George Ernest Studdy (Devonport, 23 June 1878 – 25 July 1948) was a British commercial artist. He is best remembered for his creation of Bonzo the dog, a fictional character in the early 1920s that first appeared in The Sketch Magazine.

==Biography==

Studdy was born on 23 June 1878, in Devonport, Devon, England. He was the second of three children of Ernest and Constance Studdy. His father was a lieutenant in the Argyll and Sutherland Highlanders. During his childhood, his foot was accidentally pierced by a pitchfork, which later prevented him from following his father into the army.

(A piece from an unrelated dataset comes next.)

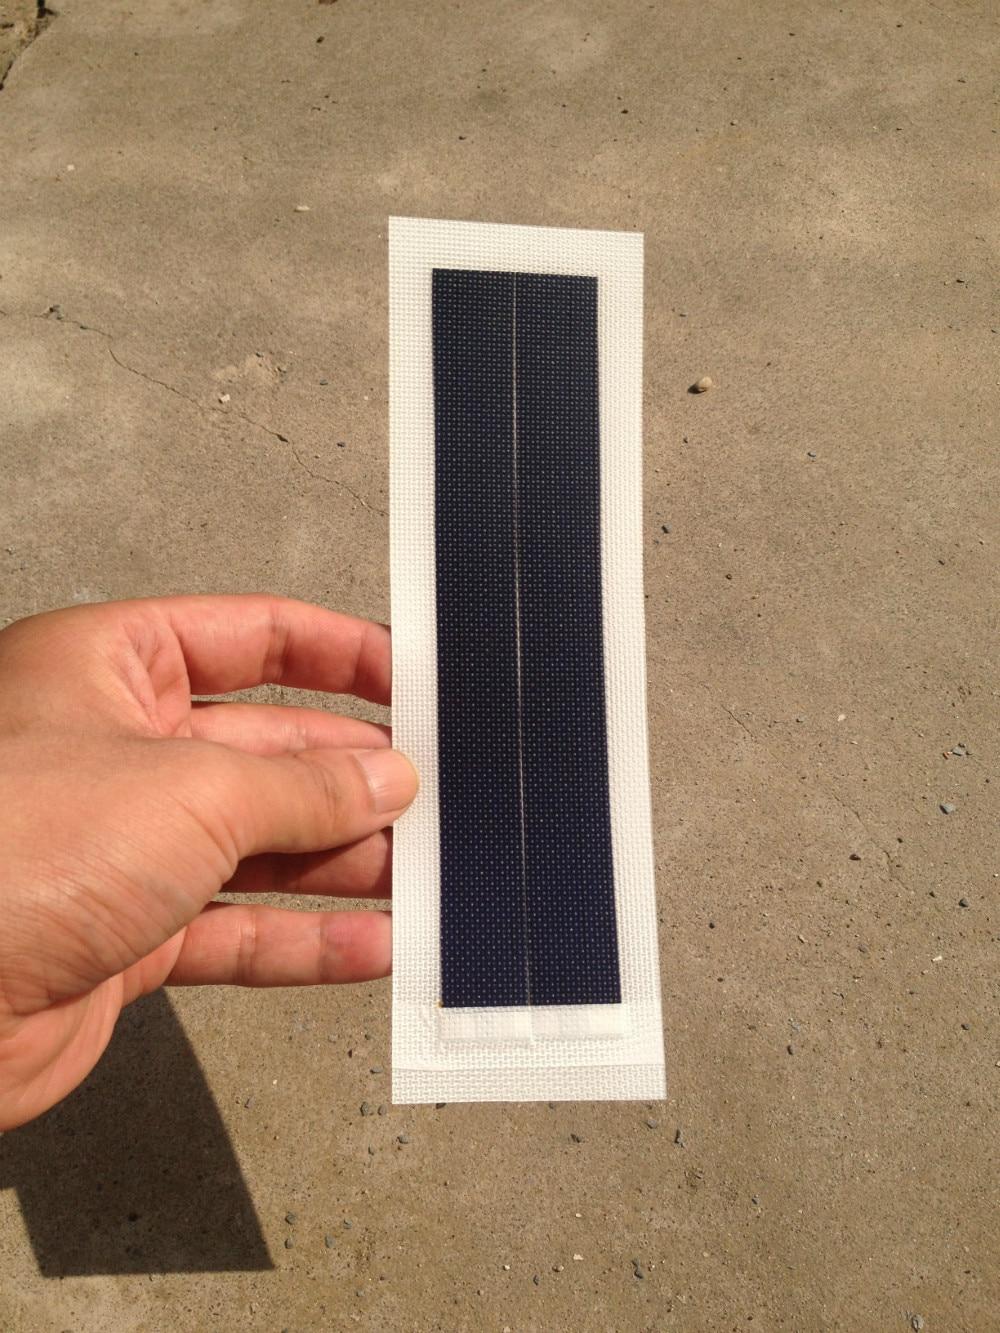 Batería recargable para sistema de energía solar móvil, panel solar personalizado profesional de 1w, 3V, 170MA, para iluminación del hogar

He pursued his education at Clifton College, Bristol, and then Dulwich College in London while living with his aunt. He left the College and England in the summer of 1896.

He worked as a stockbroker with the Thames Iron Works. He had always dreamed of going back to school, so with £100 given to him from his aunt, he attended night classes at the Heatherley School of Fine Art in London to study drawing as well as studying animal anatomy at Calderon's Animal School.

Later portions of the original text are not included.